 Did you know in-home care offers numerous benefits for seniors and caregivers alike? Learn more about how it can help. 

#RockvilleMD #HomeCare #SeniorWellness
* * *
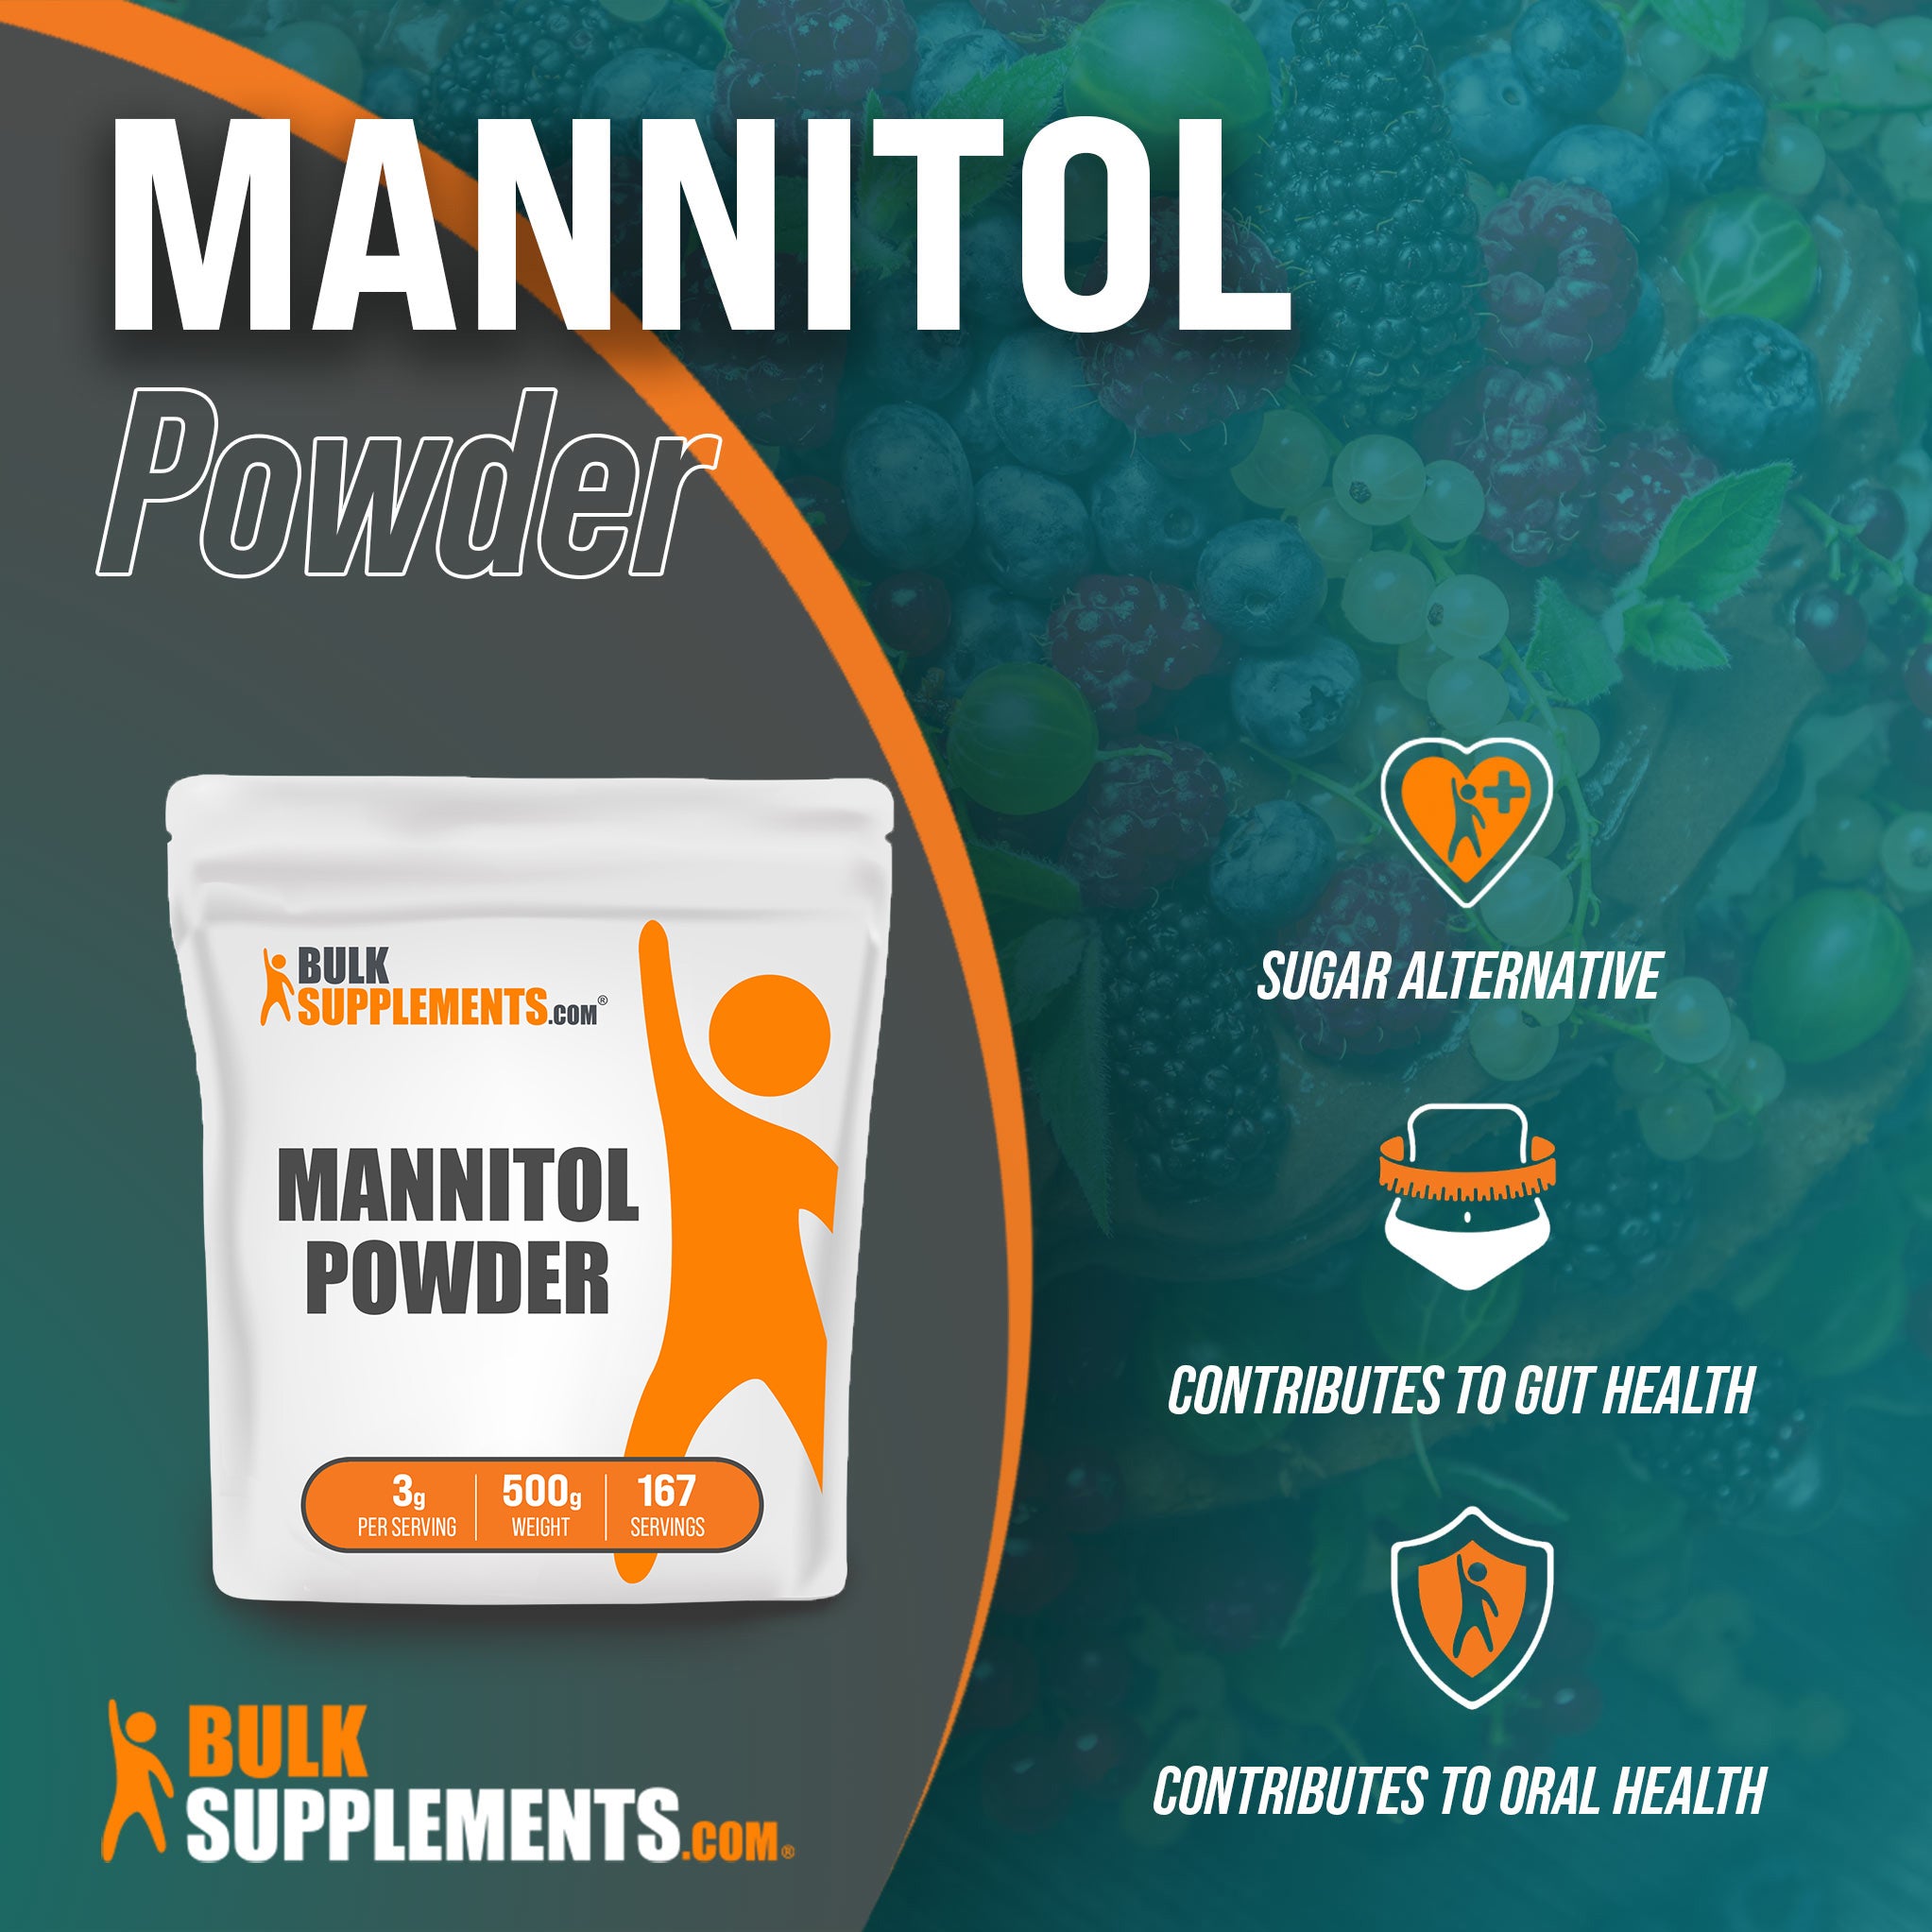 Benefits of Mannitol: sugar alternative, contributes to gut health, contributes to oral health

§ **About this task**: Would you please copy, word for word, everything above from the line containing "Did you know" down to the line containing "#RockvilleMD #HomeCare #SeniorWellness", those two lines included?

§ **Completed exercise**:
 Did you know in-home care offers numerous benefits for seniors and caregivers alike? Learn more about how it can help. 

#RockvilleMD #HomeCare #SeniorWellness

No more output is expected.